As technical problems go unresolved, organizations’ goals are further impacted. Production is negatively impacted, quality slips, and workplace safety is sacrificed to play catch up. Ultimately, the customer becomes dissatisfied, budgets experience overages, and profits are lost. 

The same holds true for the social environment – the most overlooked environment.  When the social environment is misaligned, organizations experience critical breakdowns in communication.  Employees are unable to meet expectations, and negative conflict emerges. 

When both the social and technical environments are misaligned, organizations typically resort to defensive mechanisms such as finger pointing and self-protection, rather than engaging in more productive activities such as open communication, investigation, and problem solving.  

Achieving Organizational Alignment

What then is required for successful organizational alignment?  

Start with the most ignored first – the social environment.  Successful organizations have the right people in the right jobs doing the right things.  Here is how they make this happen. 

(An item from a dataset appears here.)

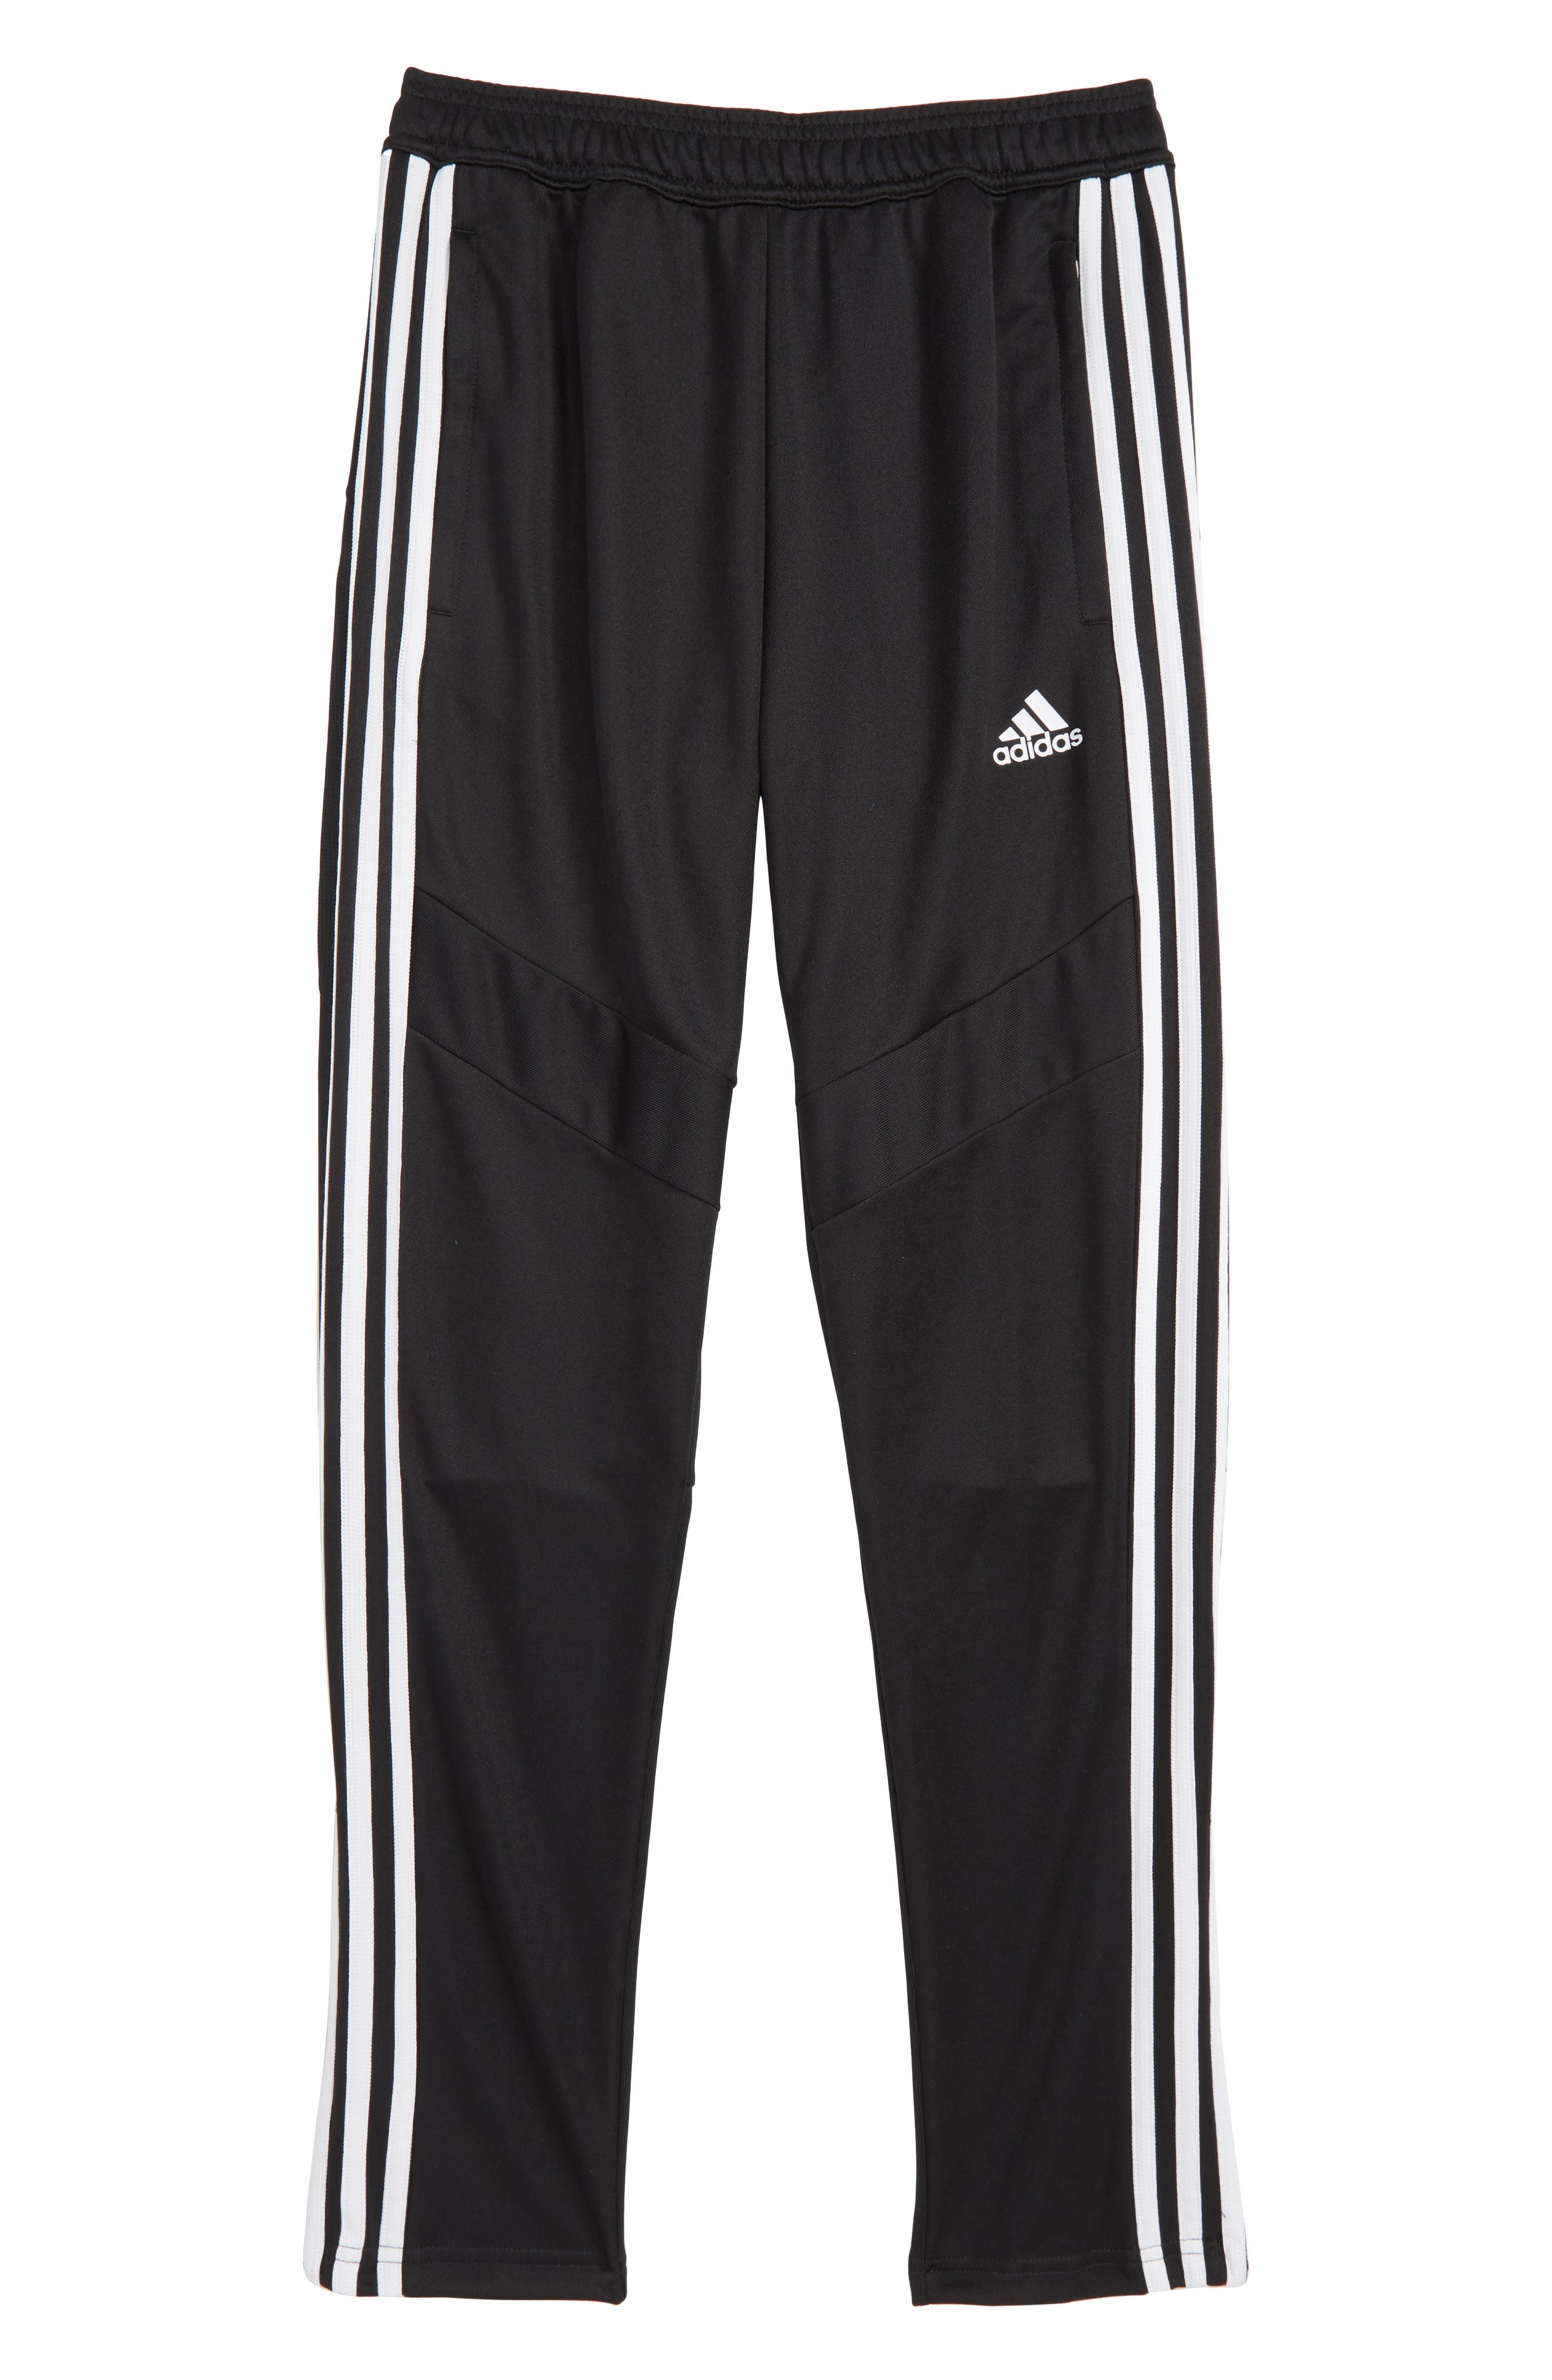 Tiro19 Sweatpants,                         Main,                         color, BLACK / WHITE

Thriving organizations ensure that their employees have the technical skills, such as supporting a network, to operate effectively within the technical environment; the social skills, such as effectively coordinating and communicating with other crew members on a change over, to operate effectively within the social environment; and the business skills, such as ensuring that their decisions are meeting customer needs to ensure they use sound judgment. 

Leaders in flourishing organizations help their employees develop new understanding, skills, and abilities and then encourage them to use the power they possess, to do what is necessary to excel in their role within the organization. 

Succeed – Don’t Just Survive

A definition of survival is to avoid dying and, as a consultant, I’ve seen too many organizations that are merely working to survive. 

In SCUBA diving, achieving the first priority of pure survival can be stressful. During my first solo dive I was focused on surviving the dive – trying not to die during the process. Unfortunately, due to my stress level, I went through sixty minutes of air in less than twenty minutes.  By focusing on merely surviving, I was unable to be comfortable and enjoy the underwater experience. However, once I became qualified and skilled as a diver (aligned), I began to appreciate all the unique beauty the underwater environment has to offer and I now make the most of my time in that environment. 

Organizations can also become myopically focused on survival and can forget the joys and satisfaction of achieving success. Whenever organizations miss their goals - product/service, safety, quality, customer satisfaction, or profit – they should view this as an indication that they are out of alignment and do whatever is necessary to get back into alignment. 

Working together, being aligned both technically and socially, is an organization’s only hope for a successful, thriving future. Each employee can have a significant impact upon that alignment and success by being made to feel a part of and contributing to a culture that encourages focus, change, and innovation in order to meet the organizational goals. 

Here is my advice then, for both organizations and underwater divers: Set goals to be accomplished – goals that will help you succeed not just survive. Understand the environments in which you will be working. Acquire the knowledge, skills, and experience you need to fulfill your goals. Ensure that everyone involved in your goal attainment is aligned and working toward the same outcome. If you do these things, you will not only find great success – you will likely find yourself enjoying the experience as you work toward that success.